BBC News Online disability affairs reporter
In just over a month from now, disability discrimination laws will cover the UK's uniformed civilian services - police, fire and prison officers. But how is the physically demanding world of firefighting preparing for employees with disabilities?
Gary Webb has diabetes and remains a firefighter
Gary Webb had been a firefighter for 19 years when, aged 37, he was diagnosed with diabetes.
"I assumed it was the end," he told BBC News Online.
"I felt really ill - in fact I thought I had cancer."
"I presumed I'd lose my job and the medic says much the same thing."
When Webb found out that he had Type 1 diabetes - which means that he is insulin dependent - he went to Diabetes UK for advice.
He was put in touch with London firefighter, Tim Hoy, who runs a register of diabetic firefighters.
"Tim told me to get myself well again first, then I could prove to other people that I was up to the job," Webb recalls.
Like many other Type 1 diabetics, he began to keep a diary of his insulin injections, exercise routines and eating habits to help understand his condition and manage his health.
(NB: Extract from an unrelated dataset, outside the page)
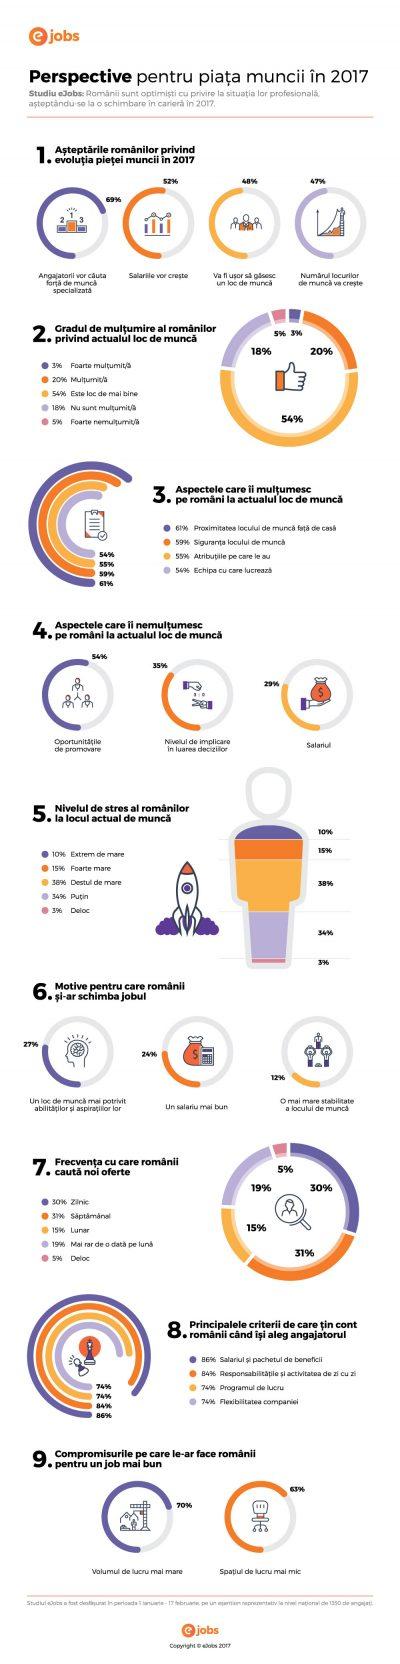 Studiu eJobs: 52% dintre români se așteaptă să le crească salariul în 2017 și 39% au în plan să-și schimbe locul de muncă

In many cases, such a diary and careful control can help someone with diabetes learn to lead a virtually normal life.
Many people have the condition under such excellent control, they no longer see it as something debilitating: they just accept it as something they have to manage as part of their routine.
So when Gary went back to work and presented his diary to the personnel officers at Cheshire Fire Service, they accepted it would be wrong just to declare him unfit for active duty.
Instead, they carried out a risk assessment and decided that, with a few adjustments, there was no reason why he should not be still considered a capable firefighter.
Today, Gary's diabetes means he is no longer allowed to drive a fire engine, but other than that, he is still part of the team.
He keeps a duplicate set of his medication with him at all times and has learnt how to vary his insulin injection schedule and intake of sugars, usually through soft drinks, in line with the physical demands of the job.
The approach taken by Cheshire Fire Service which led to Gary Webb keeping his job will become the norm when laws that already protect disabled people in the workplace are extended in October this year to cover the uniformed services - police, fire and prison service.
Like the other two services, the fire service has a culture of peak physical fitness.
The Fire Service is having to rethink its fitness criteria
The traditional response to anyone who developed a lasting impairment was to consider them for medical retirement.
"We need to dismantle institutional barriers to employing disabled people," says Cheshire's chief fire officer, Steve McGuirk.
He says that the role of firefighters is changing and not all roles will demand such stringent fitness tests.
So, under proposed work practices currently being negotiated, firefighters who are develop a disability will not necessarily be given automatic medical retirement from the service. Other jobs will be found, says the force.
"We're going to be employing more community fire safety officers to increase the work we do on fire prevention." says CFO McGuirk.
"There's absolutely no reason why a disabled person couldn't do that job."
Culture change challenges
The Chief and Assistant Chief Fire Officers' Association (CACFOA) - for whom McGuirk speaks on disability issues - is working with the Disability Rights Commission on ways to make the fire service more disabled-friendly.
"The first big job that has to be done is to change the culture - and that's also one of the hardest," the DRC's Michelle Valentine told BBC News Online.
"The fire service is on a similar learning curve now as it was for gender some years back."
In its negotiations with the service, the DRC is encouraging chief fire officers to look at each case on its individual merits, rather than make assumptions based on preconceived ideas about disability.
This is where the law's insistence that employers should make 'reasonable adjustments' comes in.
"In the case of a firefighter who develops a long term condition this means carrying out a risk assessment and taking a much more realistic approach," says Ms Valentine.
The DRC is suggesting that one way of doing this is to use case studies of firefighters like Gary Webb who have managed to stay on the frontline because their condition is manageable.
Another is to get disabled people from other walks of life to come in and challenge preconceptions about disability.
For instance, Paralympic athletes explode the myth that disabled people are physically frail and passive.
"The most important thing is to persuade senior and line managers of the need for change," says Ms Valentine.
London firefighter Tim Hoy has been campaigning for diabetic firefighters to be kept in the service for the last 15 years.
Today, there are 63 firefighters on Hoy's register and he has become an expert witness for the Disability Rights Commission.
Webb regrets no longer being able to drive a fire engine
"This stuff is now fairly mainstream," he says. "But back then I was on my own - the Fire Brigades Union and the service were both very negative.
"Diabetes UK used to have guidance that recommended no shift work and no climbing ladders. I got involved and managed to get all that changed."
But aside from the law, Gary Webb says the most important quality needed by people who find themselves in a situation such as his is plenty of self belief.
While he regrets no longer being able to drive the fire engine, he knows he has kept his job by preventing other people's ignorance from dictating his future.
"Take control of your destiny because ultimately you are responsible for yourself," he says.